I know that sometimes you delight in these stories.  Sometimes you roll your eyes.  I understand both reactions.

What I haven’t told you is that I was scared to death that night.  Excited, but scared nonetheless.  Having only brothers when I was growing up, I knew nothing of girls, and knew I’d be winging it for the next 18 or so years. 

For your part, you were afraid of me, as well.  You took to your mother right away, but when I tried to hold you the first time, you pushed me away.  I remember being disappointed – I had heard so much about the father-daughter bond, and at that moment, it looked like I’d never experience it.

That’s The Place we were when we first met: a little afraid of each other.  It was the first of many Places we’d find ourselves  through the years. 

There was the Place where we had discovered each other’s imaginations.  I would tell you Chicken Stories every Thursday night at bedtime, and you would take in every word, until you fell asleep.  The next Thursday, you would retell to me all that you remembered, and I’d have to pick up the story where your memory left off and complete the previous week’s story before you’d let me move onto the next one.

There was the Place where you were hurting, after losing your grandmother and home and all your toys within the span of a couple of months. For the first time in your life, you started acting out.  I didn’t know what I was supposed to do as a father, so I just loved you twice as much as before.

There was the Place where you discovered that I was wrapped around your finger, and learned to bypass Mom and ask Daddy first.  And I gladly obliged, much to the chagrin of your mother.

There was the Place when we discovered just how alike we are.  I remember so well, there was a particular day when your Mom and I were upset about something.  You proceeded, without any prompting at all,  to clean the kitchen.  I was floored seeing this; I thought that particular behavior (cleaning when people in the house are upset) was my own strange behavior.  I never taught you this.  Let me tell you, to see yourself reflected in such a way is startling, and at that moment, I am certain I could not have loved you more.

So many of the Places are just blurs.  I was so foolish, always rushing you on to the next stage of your life, never appreciating the Places we were, while we were there.  Please forgive me.
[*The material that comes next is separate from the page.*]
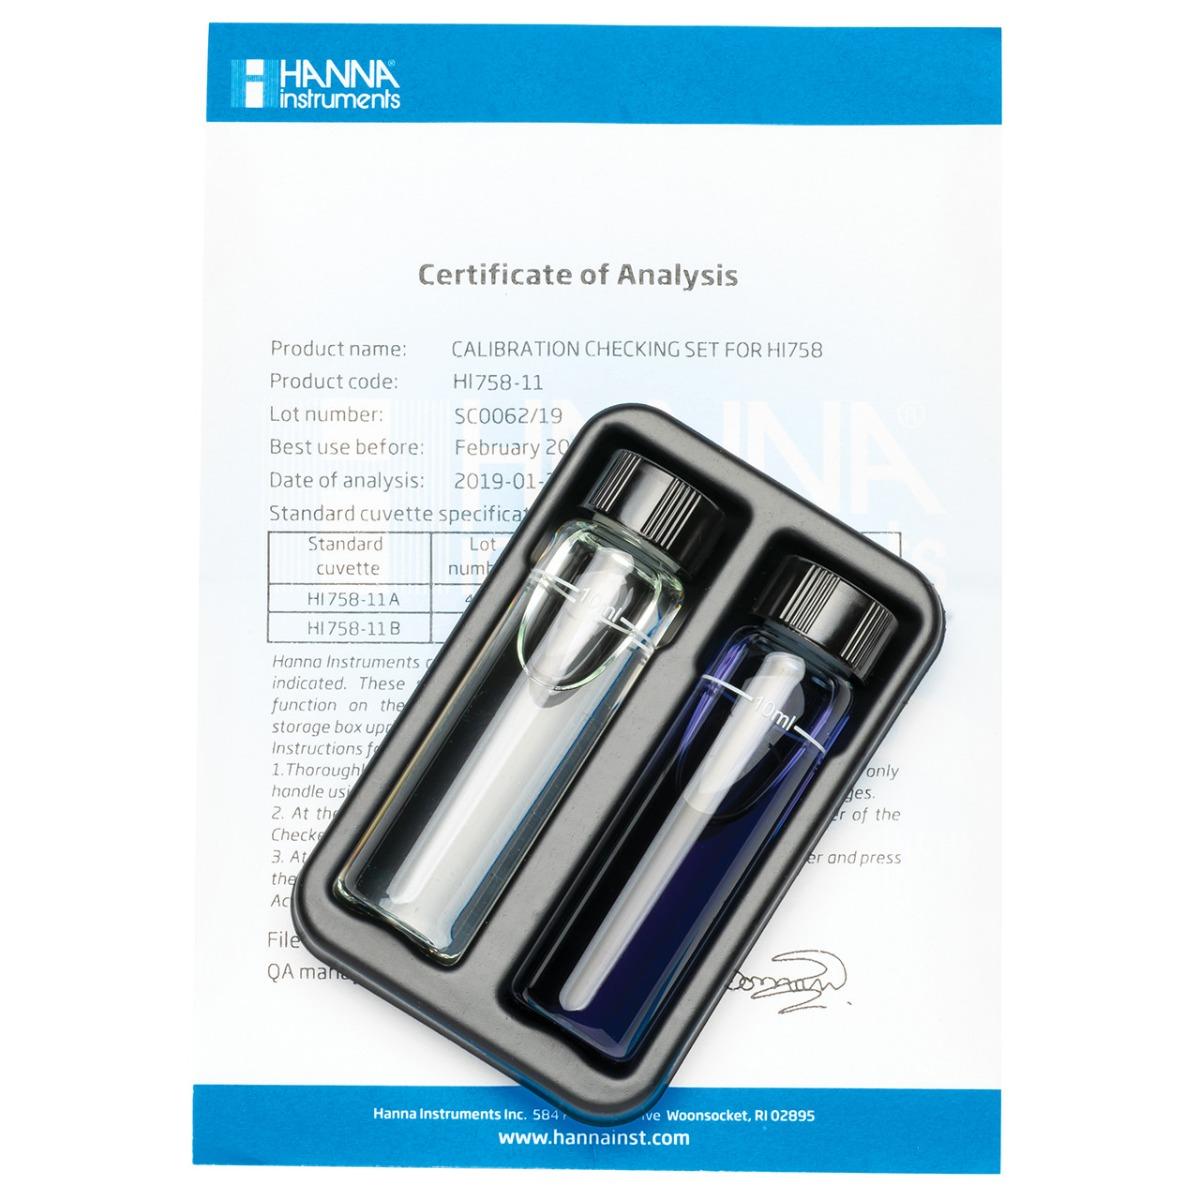 HI758-11 Marine Calcium Checker Calibration Set

I am trying so hard to appreciate the Place we are at right now.  The fact that we sometimes seem like kindred souls – a mutual whimsical nature, being better at logic than we’d like to be (we both are drawn to the artistic side of life), the emotional sensitivity, even our taste in food.
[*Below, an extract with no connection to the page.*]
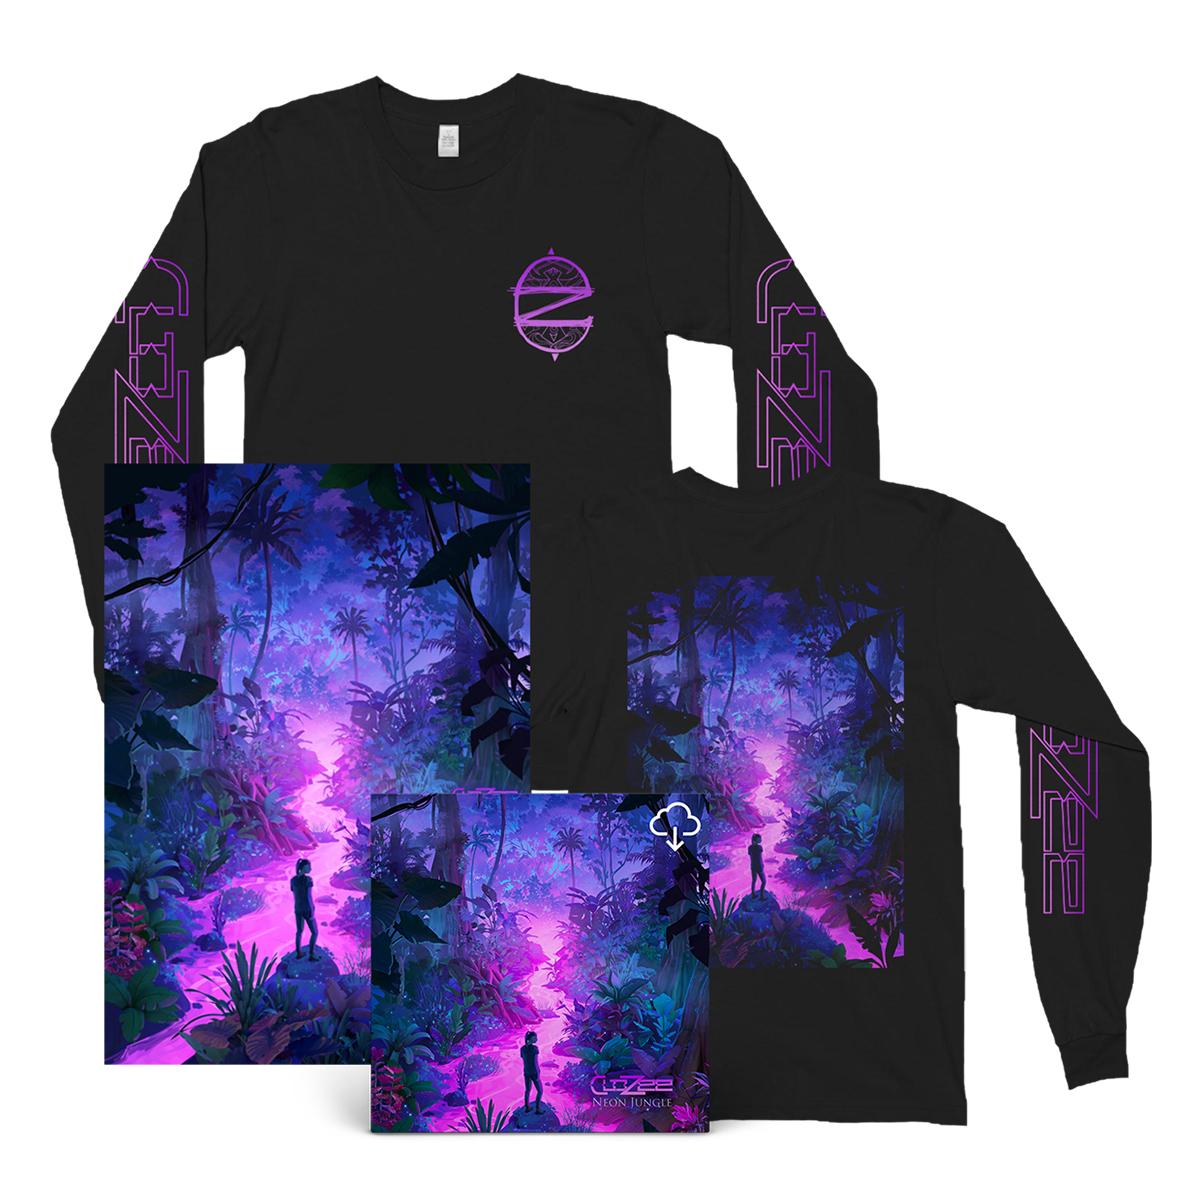 Neon Jungle Download + Long Sleeve Tee + Poster Bundle

I love your sense of humor.  Never lose that.   I love that you still have a sense of wonder, that something as simple as an icicle can bring squeals of delight from you.  I love how you are smarter than me, but I am still Daddy.  I love how we can have these incredibly deep conversations, and I learn as much from you as you learn from me.

The Place we are allows us to get into a water hose fight on a hot July evening, and not even need towels.  We just sit on the front porch as the sun sets, and we feel the cool caress as the warm summer breeze dries us, and the fireflies begin to light, and we talk about nature, and you place your head on my shoulder – and I feel as if my body cannot contain the love and joy and beauty.

I do not want to leave this Place.

And yet, I can feel the tug of Time.  I know the next Place is not far away.  I can see it in the changes in your mood, the changes in your body, and to be honest, the changes in mine.  You are so smart, and so kind – I truly can’t wait to see the things you are going to do with your life.  But, for the first time, I am in no hurry to see those things.  They can wait.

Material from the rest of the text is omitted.